In this subsection we show the results obtained from real NIR-focusing eye fundus images. The images have a relatively low signal to noise ratio (SNR) which justifies the need for a robust FM. All images were acquired using a digital fundus camera system (TRC-NW6S, Topcon, Tokyo, Japan) taking the video output from the infrared focusing system with a resolution of $640 \times 480$ . The focusing system enables a compensation range of $- 13 D ∶ 12 D$ in normal operation. For strong myopia or hyperopia, two additional compensation lenses are available to compensate the ranges: $- 12 D ∶ - 33 D$ and $+ 9 D ∶ + 40 D$ , respectively. The image sequences analyzed here were acquired by means of an in-house assembled motor mechanism for the displacement of the compensation lens across the whole range for normal operation.

It is well known that as a person ages the crystalline lens of the eye gradually gets opacified, obstructing the passage of light. This is called a cataract. A complete loss of transparency is observed only in advanced stages in untreated patients. In early stages of cataracts retinal examination is considered practicable—however, it is not without difficulty. For this reason, we decided to test our focusing method on healthy young subjects and elderly subjects with first signs of cataracts, not only to demonstrate its applicability on real images, but to assess its limitations as well.

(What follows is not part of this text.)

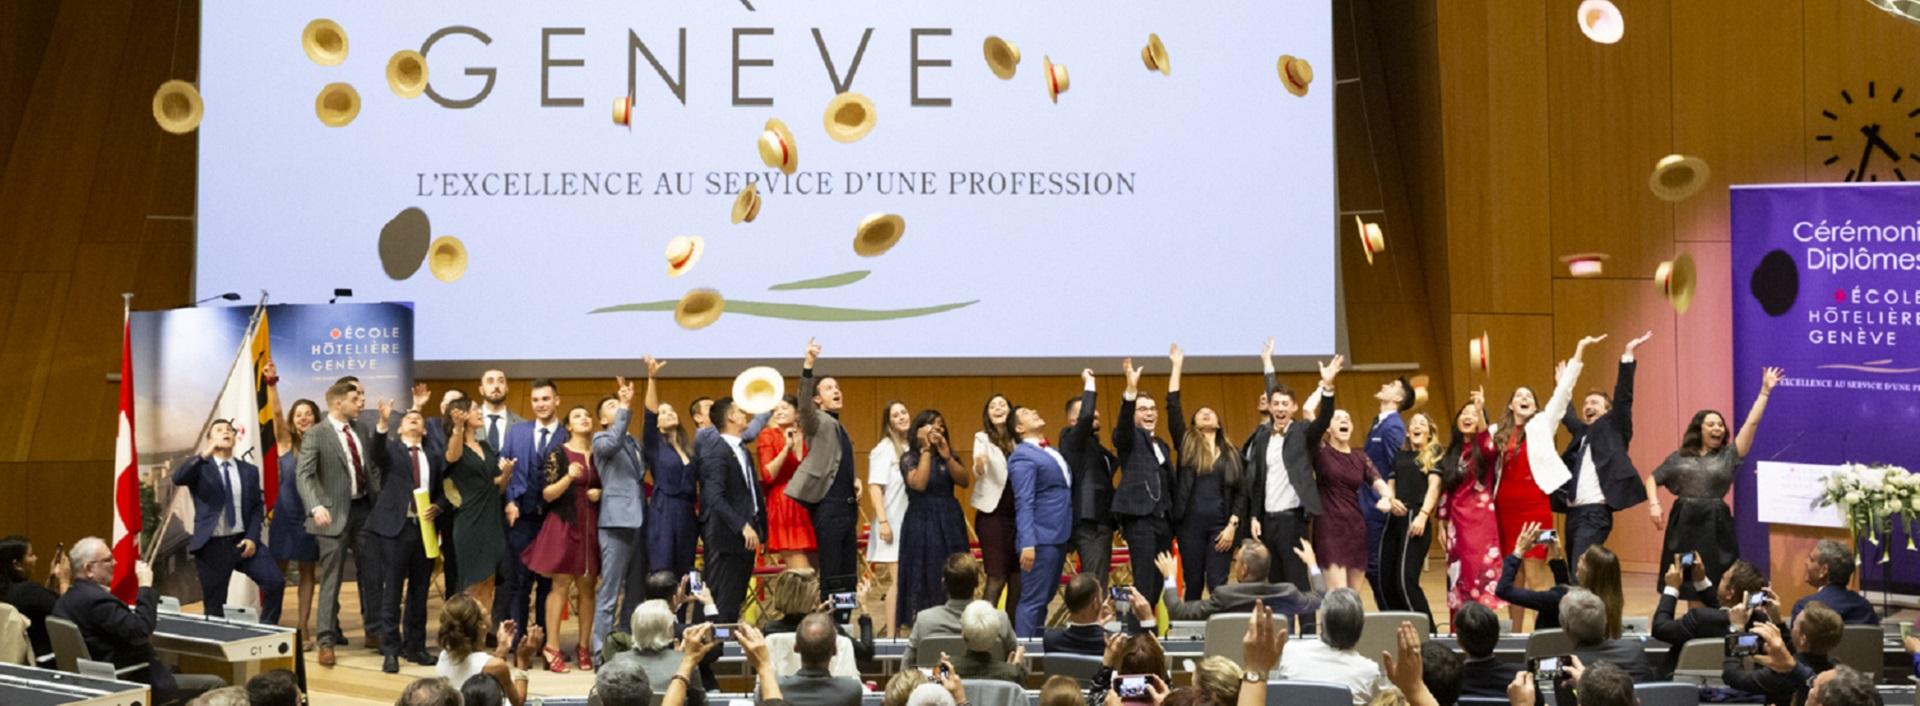 Cérémonie de remise des diplomes Promotion CHI Geneve Ecole Hôtelière de Genève.

In this work we show results from five representative subjects of ages 27, 40, 68, 70, and 81 years for a total number of 10 eye fundi.

First we show the effects of placing the focusing window on different regions of the retinal image. A retinal image has distinct sharp structures such as the blood vessels and the optic disk, as opposed to the relatively uniform background. No FM is reliable without placing the focusing window on top of structures with edges, a fact easily appreciable from the three focusing curves shown in Fig. 6, which were computed from the right eye fundus of the 27-year-old subject. The optimal focus position identified by the dashed vertical line was verified via the split-line focusing mechanism. The $S_{a}$ curves computed from regions (b) and (c) are clearly reliable in terms of monotonicity and unimodality and coincide on the optimal focus position. Conversely, the $S_{1}$ and $S_{4}$ curves fail to produce a reliable profile against the $S_{a}$ curves that display a steeper peak at the optimal focus position, evidence of the measure’s robustness to noise. In contrast, all measures computed from region (d) are unusable because they are mainly given by noise.

Fig. 6

Focus measure curves obtained by placing the focusing window over different regions of (a) the retinal image. The dashed vertical line indicates the correct focused position. Areas (b) and (c) are located over prominent retinal structures, whereas (d) is located over a relatively uniform region.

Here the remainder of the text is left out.